Quadrature MRI detectors are comprised of elements whose principal RF magnetic field components are orthogonal or nearly-orthogonal, such that they can directly receive the circularly polarized MRI or MRS signals from a sample [Hoult, D. I., C. N. Chen, and V. J. Sank, Quadrature detection in the laboratory frame. Magn Reson Med, 1984. 1 (3): p. 339-53; Chen, C., Hoult D I, Sank V J, Quadrature Detection Coils—A Further sqrt(2) Improvement in Sensitivity. Journal of Magnetic Resonance, 1983. 54: p. 324-327; Hyde, J. S., et al., Quadrature detection surface coil. Magn Reson Med, 1987. 4 (2): p. 179-84; Bottomley, P. A., et al., Proton-decoupled, Overhauser-enhanced, spatially localized carbon-13 spectroscopy in humans. Magn Reson Med, 1989. 12 (3): p. 348-63]. By combining the raw signals from a pair of quadrature elements with a hybrid that provides the appropriate 90° phase shift, or by means of a root-of-the-sum-of-the-squares combination of the processed signals, a quadrature detector coil can provide up to a √2-fold gain in the signal-to-noise-ratio (SNR) compared to coils of the same geometry used as linear detectors [Hoult, D. I., C. N. Chen, and V. J. Sank, Quadrature detection in the laboratory frame. Magn Reson Med, 1984. 1 (3): p. 339-53; Redpath, T. W., Quadrature rf coil pairs. Magn Reson Med, 1986. 3 (1): p. 118-9].

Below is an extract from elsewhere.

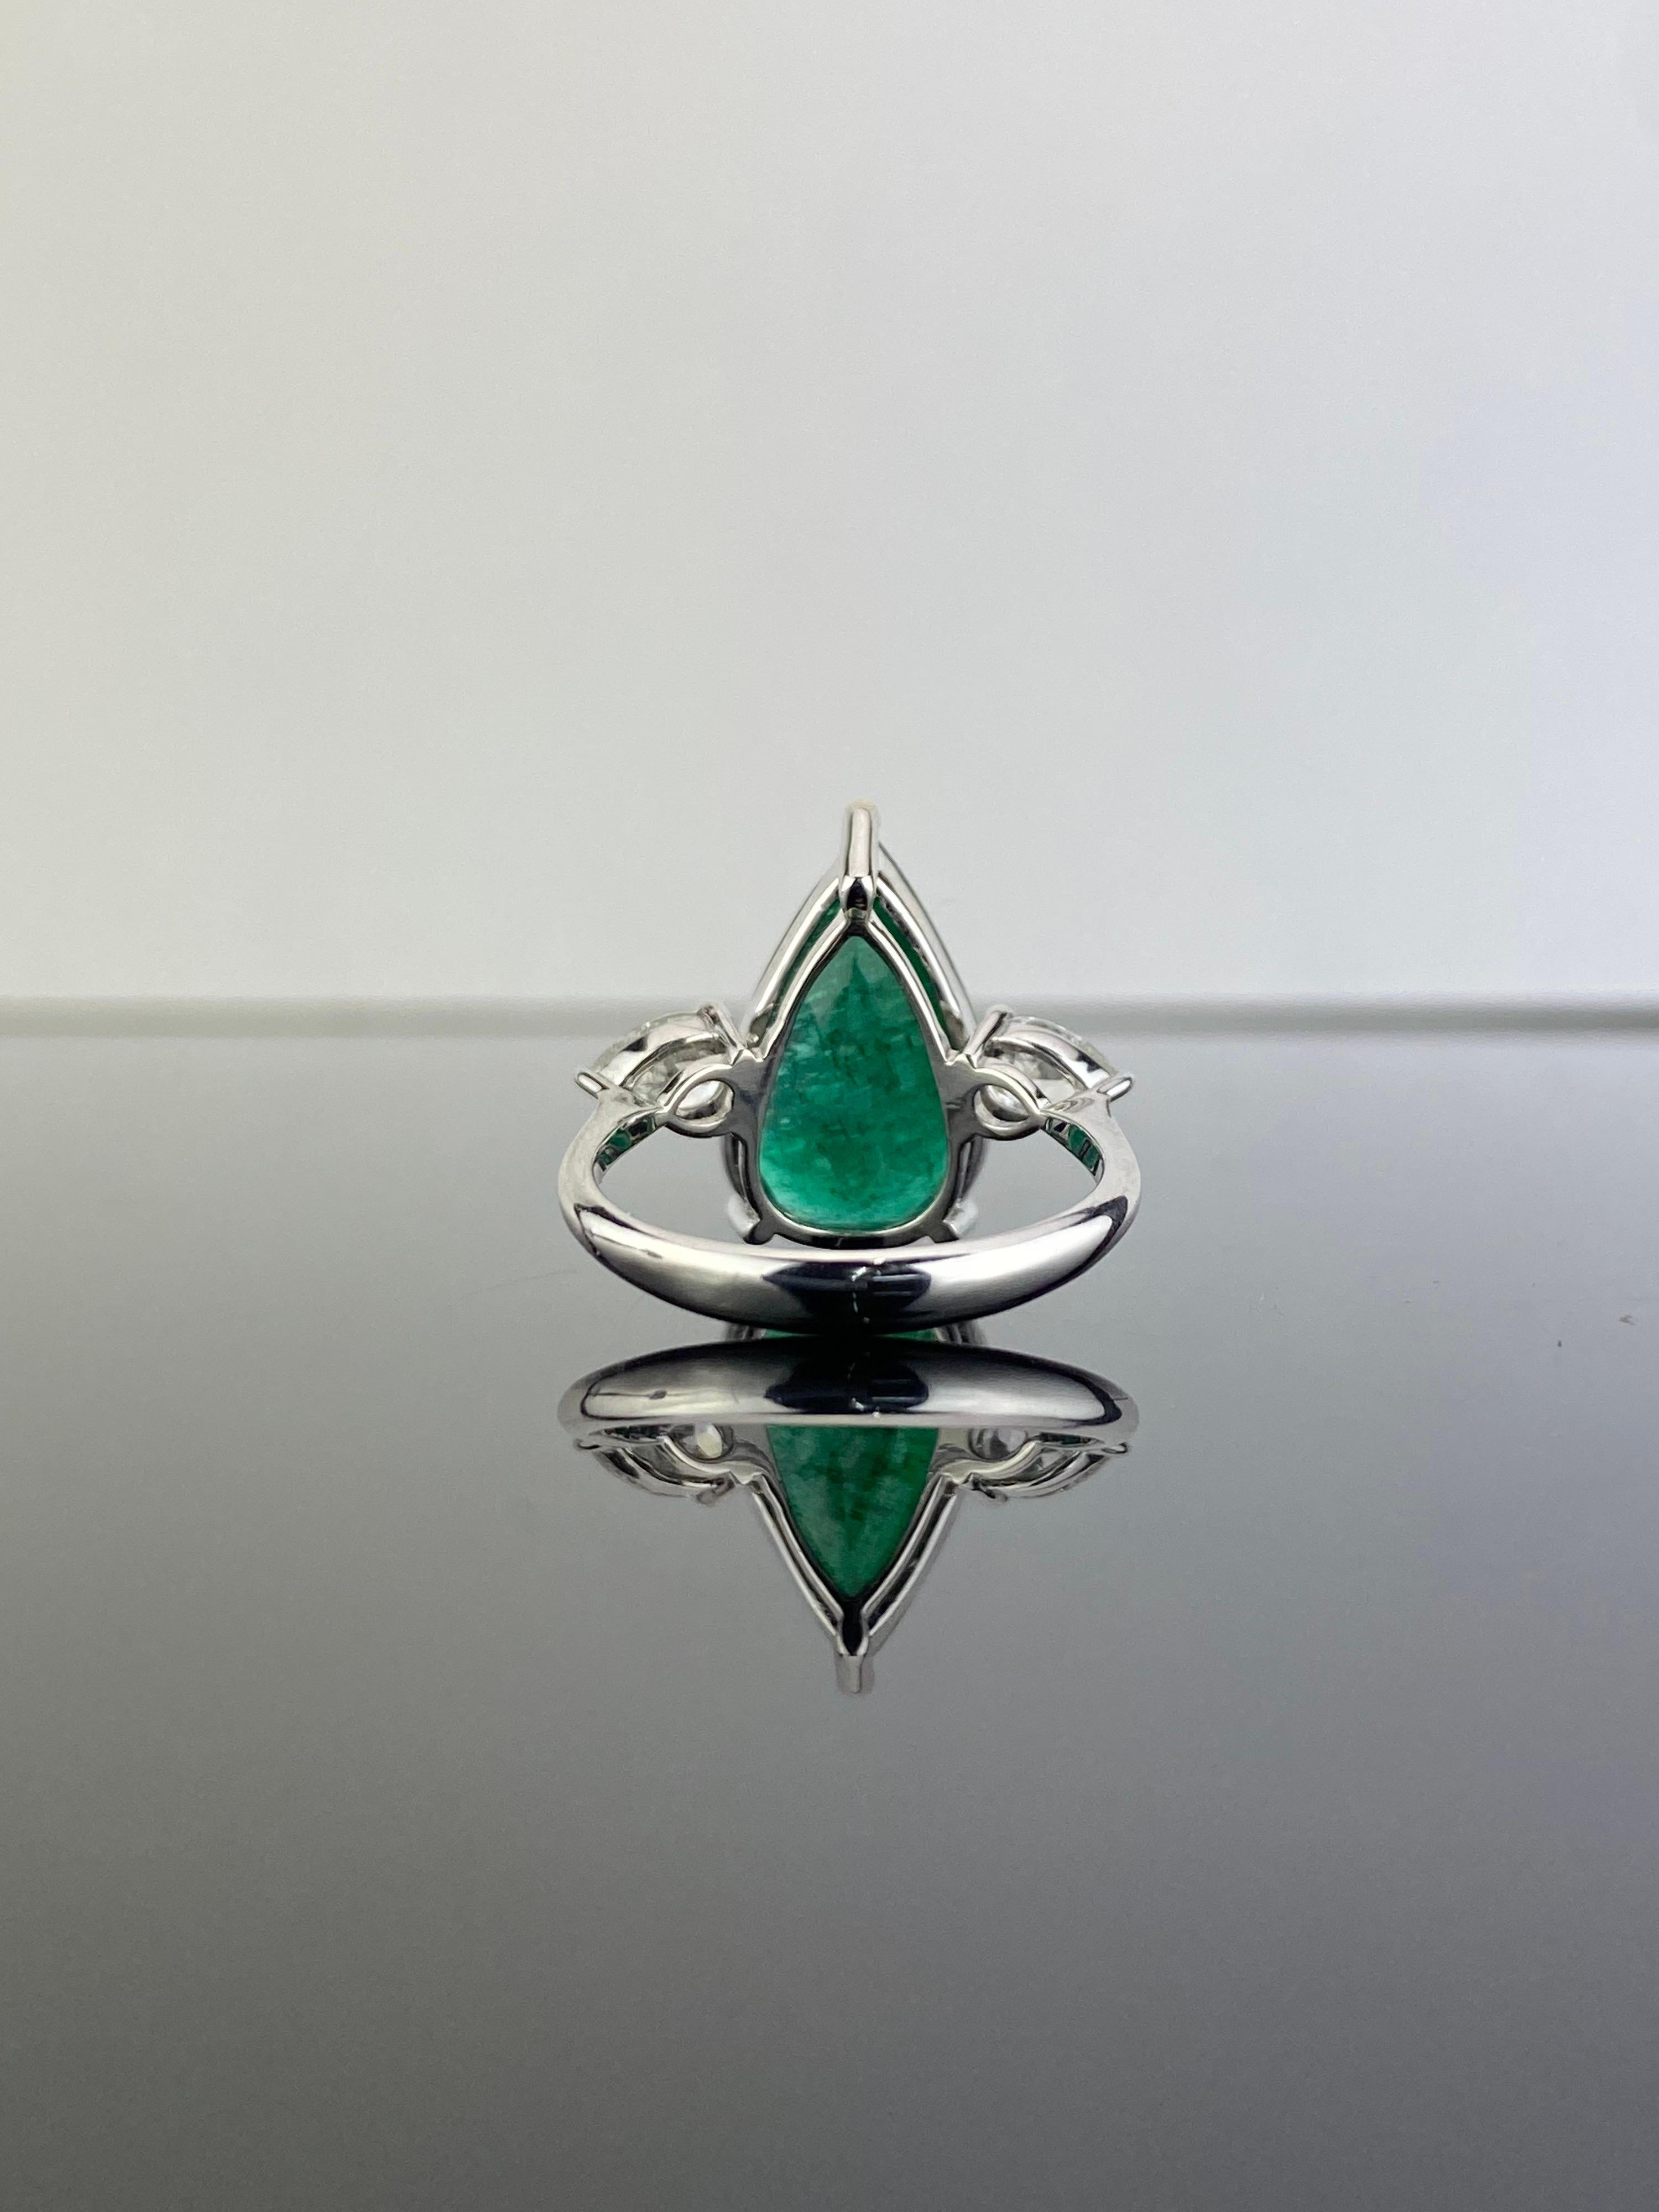 A stunning certified 5.70 carat Emerald and 0.69 carat pear shaped White Diamond three stone, engagement ring. The centre stone is a Zambian Emerald, transparent with a beautiful vivid green color and amazing luster. This ring is set in solid 18K

Quadrature surface coils comprised of a circular loop and a ‘figure-8’ or ‘butterfly’ coil with long axis perpendicular to the main magnetic field, B0, have been adopted for both multi-nuclear MRS, and for commercial MRI phased-arrays in applications including the spine where their use with quadrature hybrids halves the number of MRI receiver channels required to service the array.
It thus, would be desirable to provide rules particularly suitable for a single tuned strip detector element of a tunable PSA as well as methods embodying the use of such rules. It would be desirable to provide detection devices that embody such rules as well as apparatuses and systems that embody such detection devices. It also would be desirable to provide quadrature hybrid detection devices that embody a surface coil and phased strip array antenna.